- Given data -
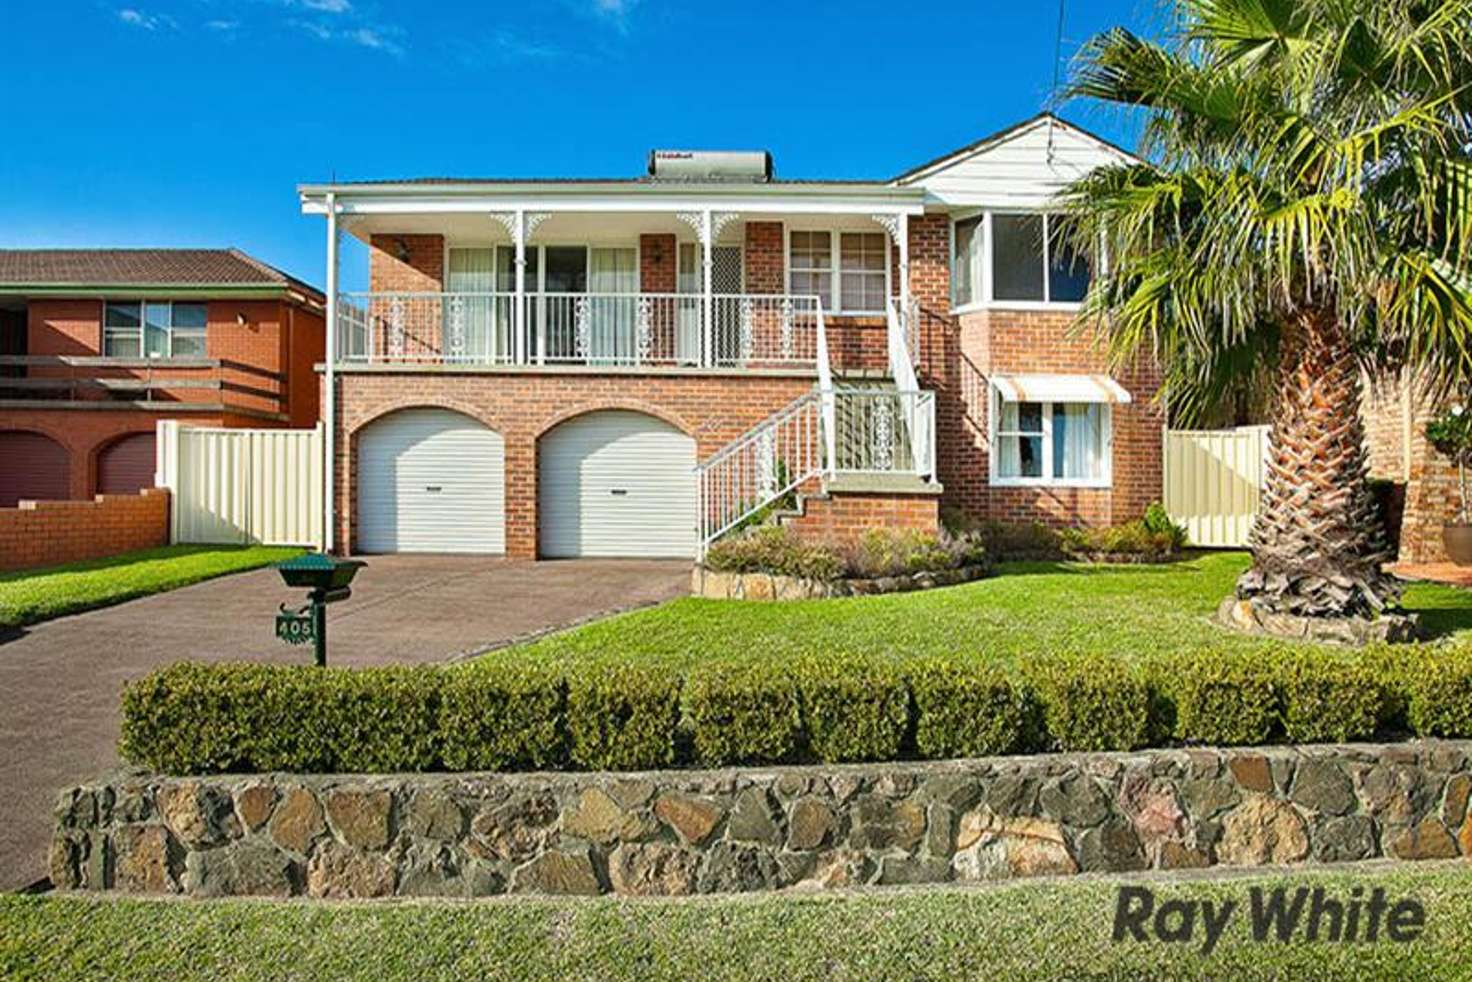 Main view of Homely house listing, 405 Reddall Pde, Mount Warrigal NSW
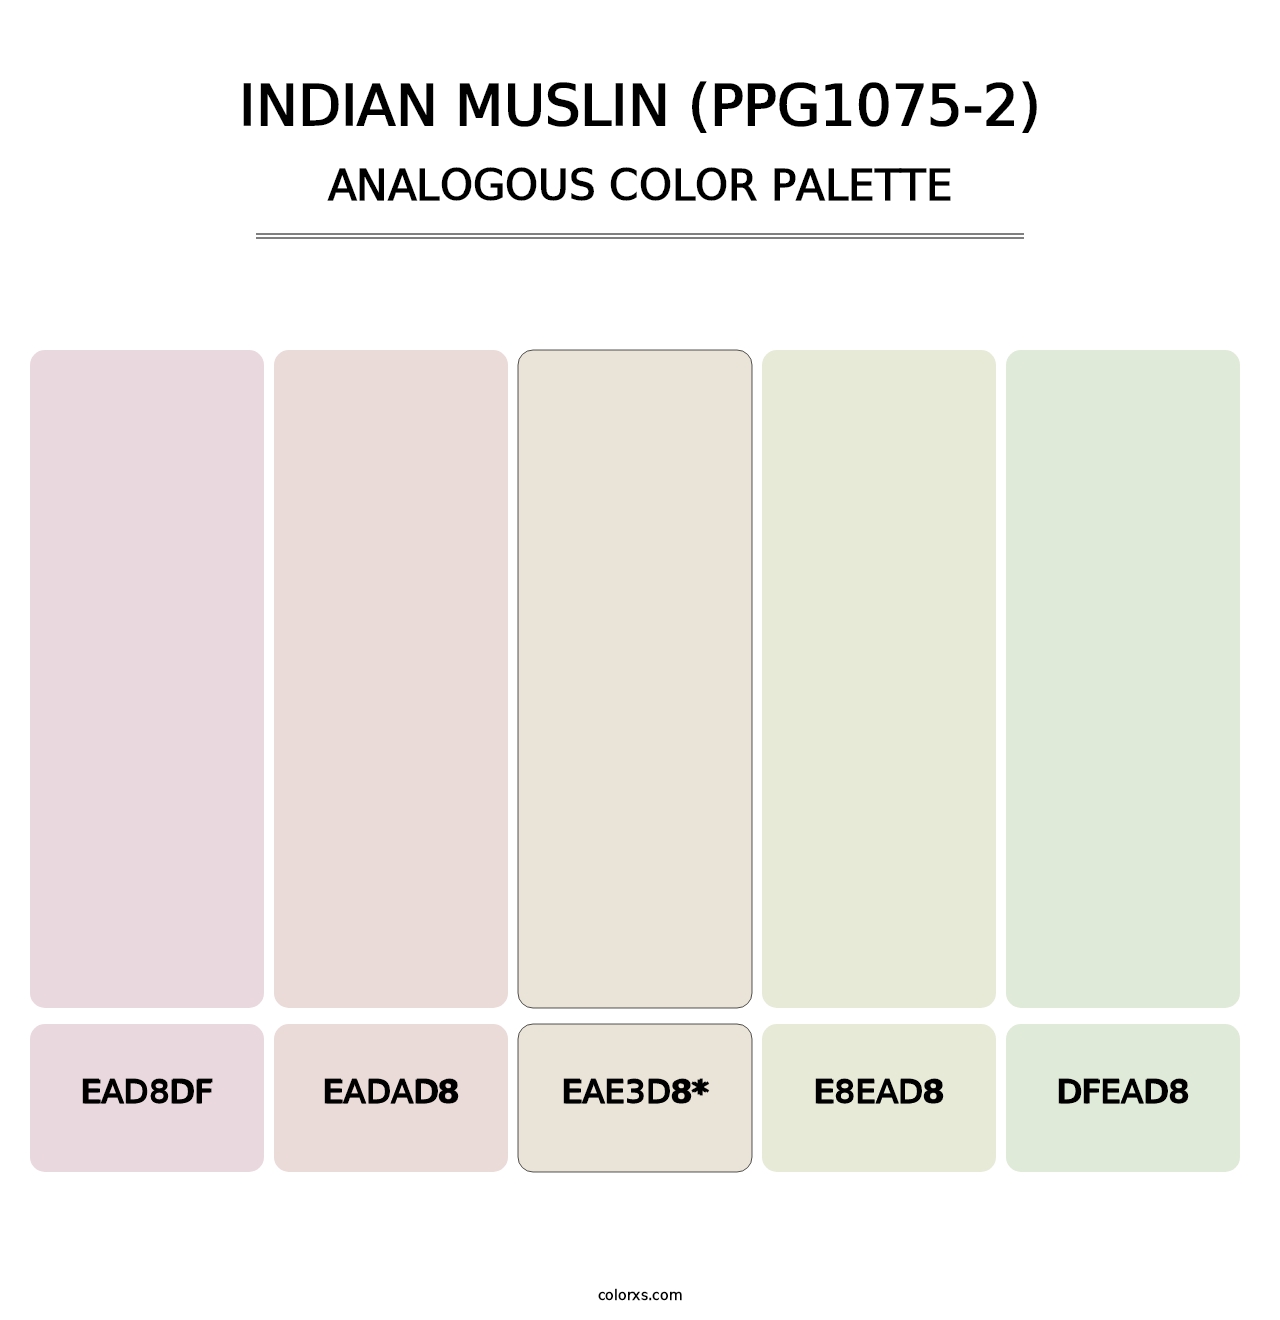 Indian Muslin (PPG1075-2) - Analogous Color Palette
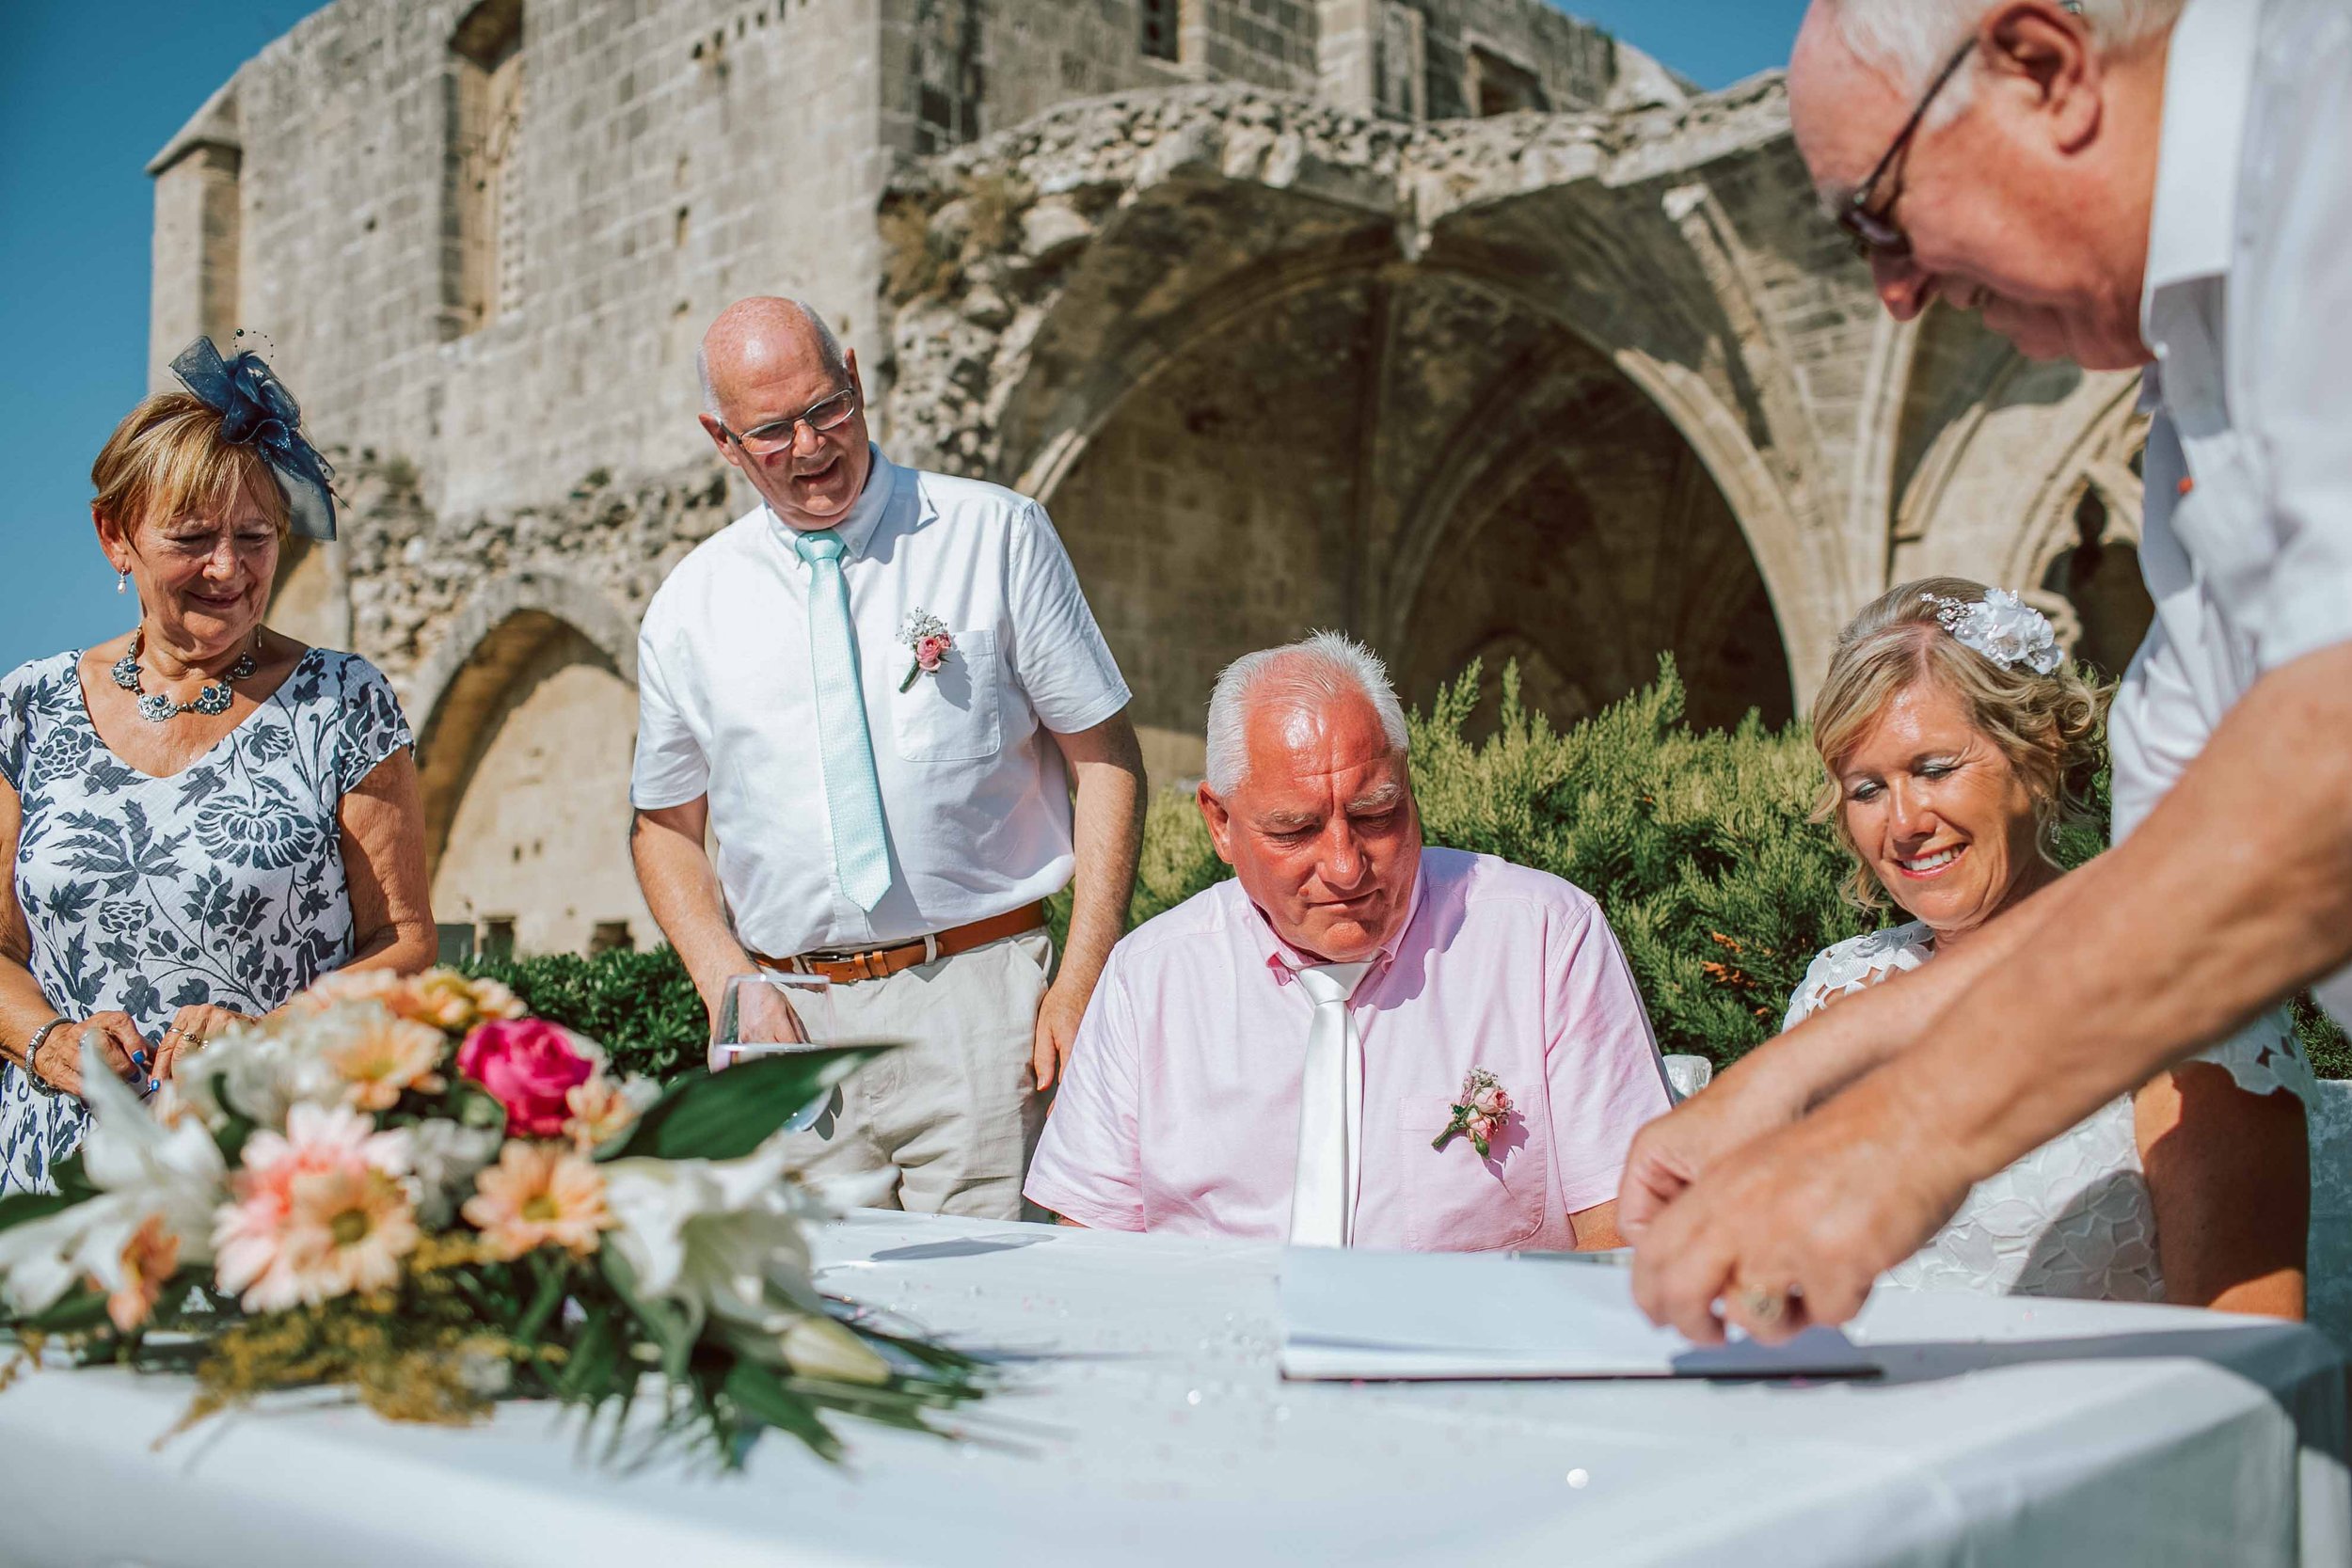 Getting married at Bellapais Abbey, Cyprus

- Work item -
Output the span from the line with "Indian Muslin (PPG1075-2)" through the last line of the data, inclusive and exact, and omit every picture.

- Exercise response -
 Indian Muslin (PPG1075-2) - Analogous Color Palette
 Getting married at Bellapais Abbey, Cyprus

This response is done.